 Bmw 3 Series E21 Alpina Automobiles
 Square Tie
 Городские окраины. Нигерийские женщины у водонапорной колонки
===
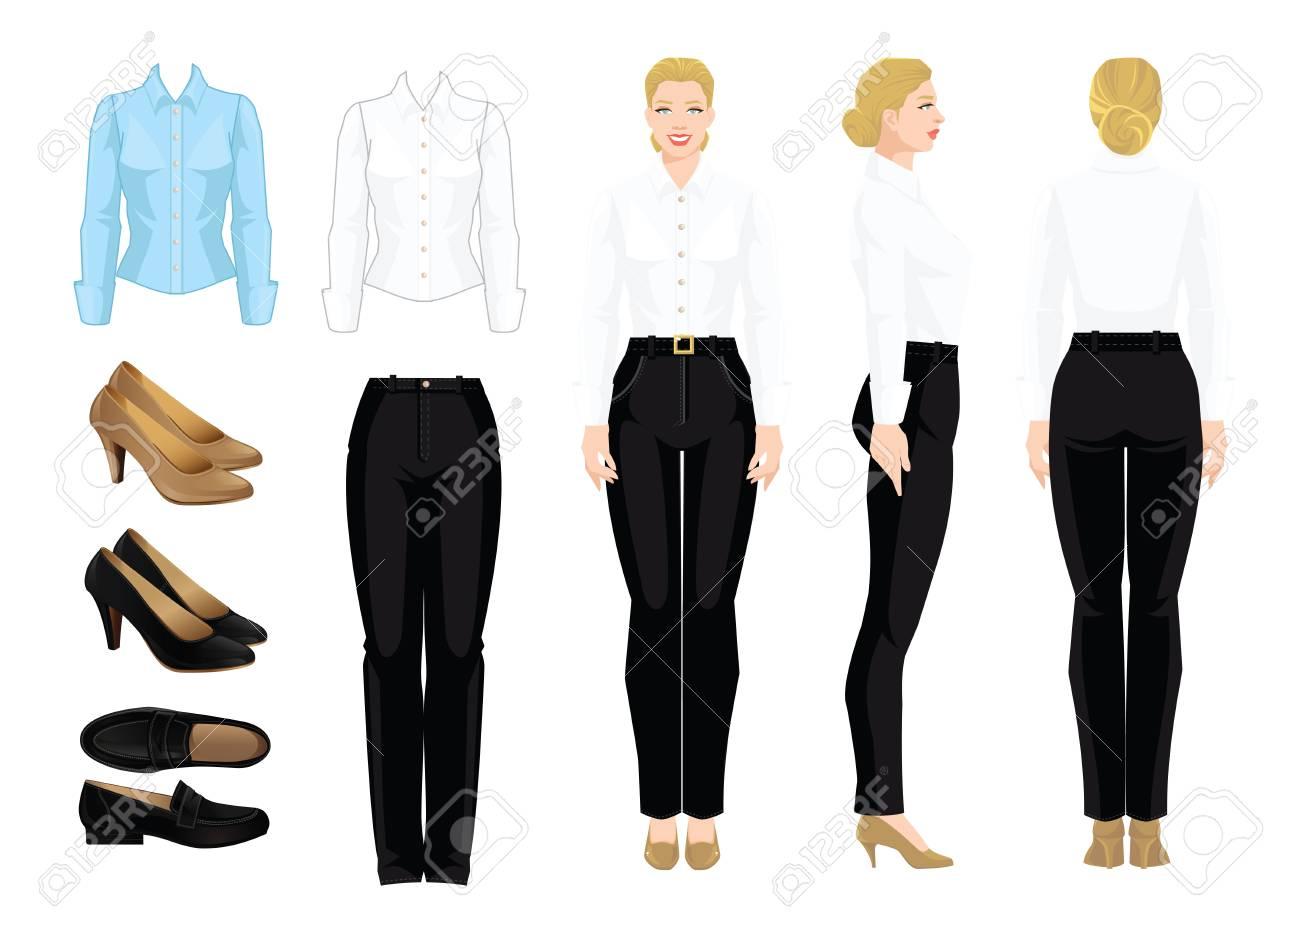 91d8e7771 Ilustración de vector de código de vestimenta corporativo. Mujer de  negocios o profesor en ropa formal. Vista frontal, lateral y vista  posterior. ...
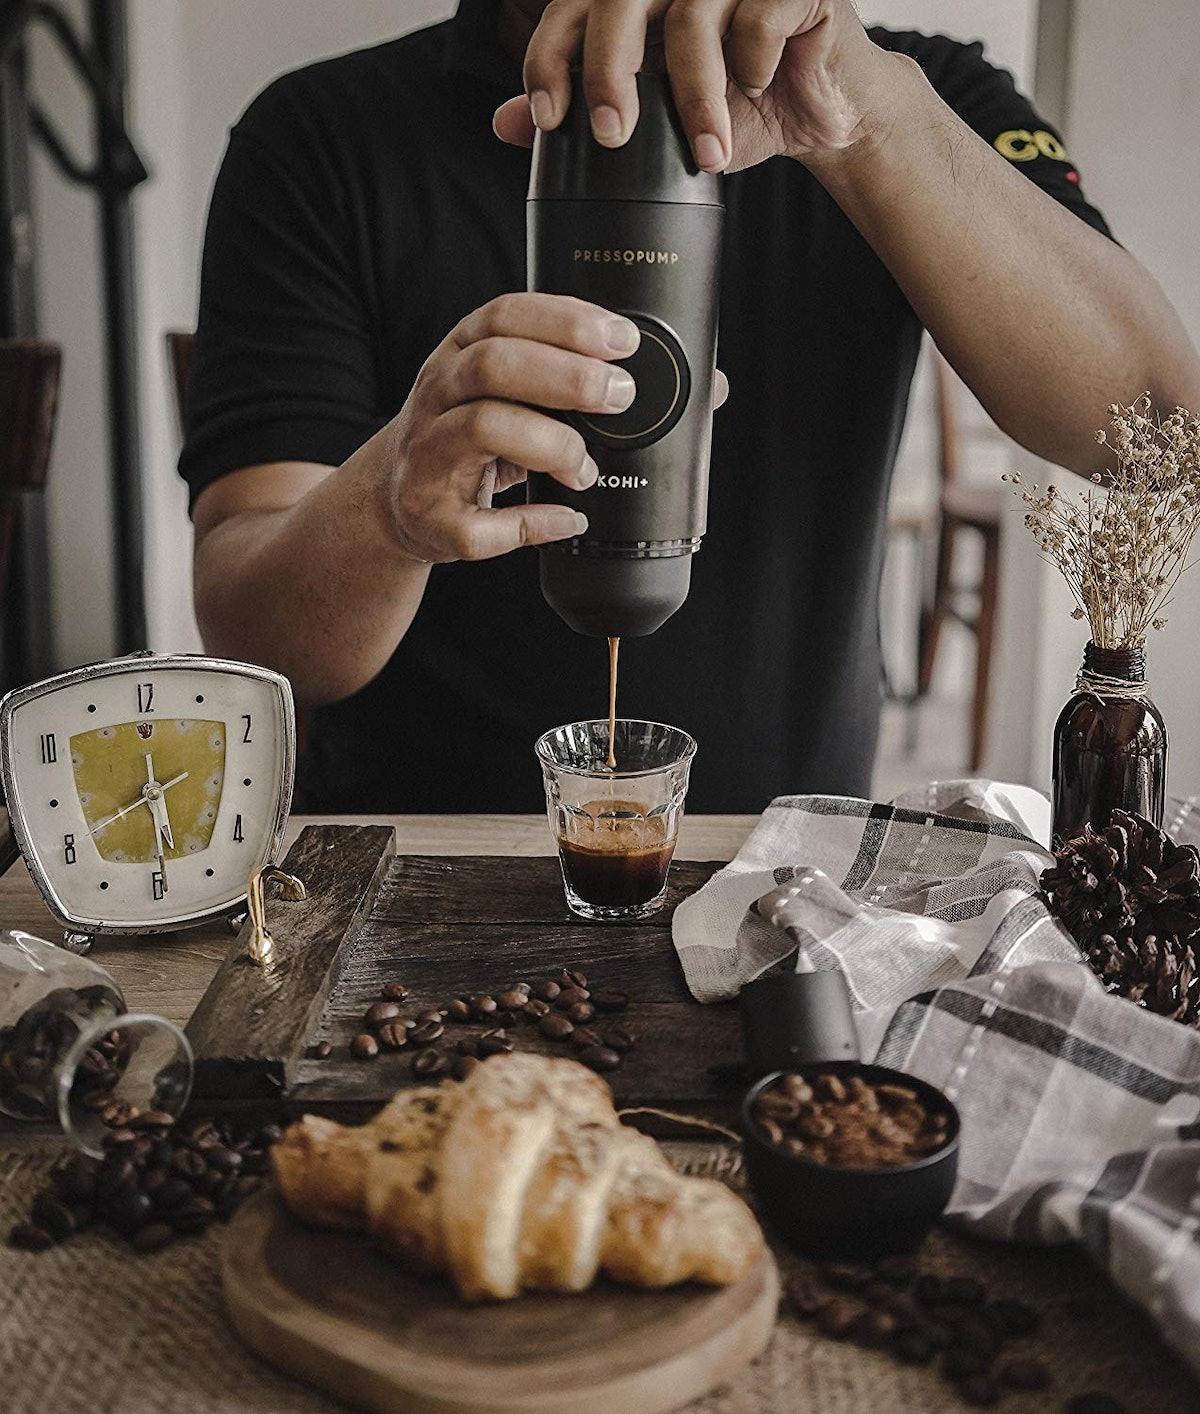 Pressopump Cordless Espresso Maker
===
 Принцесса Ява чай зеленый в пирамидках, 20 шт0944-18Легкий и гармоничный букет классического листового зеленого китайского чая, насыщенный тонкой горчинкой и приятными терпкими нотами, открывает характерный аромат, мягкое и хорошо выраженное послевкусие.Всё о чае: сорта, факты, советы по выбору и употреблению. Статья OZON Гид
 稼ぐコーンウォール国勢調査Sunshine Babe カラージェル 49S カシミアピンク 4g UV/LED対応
===
When the line with "Bmw 3 Series E21 Alpina Automobiles" is reached in the data above, begin copying, and stop after the line with "Городские окраины. Нигерийские"; copy each line exactly, both ends included.

 Bmw 3 Series E21 Alpina Automobiles
 Square Tie
 Городские окраины. Нигерийские женщины у водонапорной колонки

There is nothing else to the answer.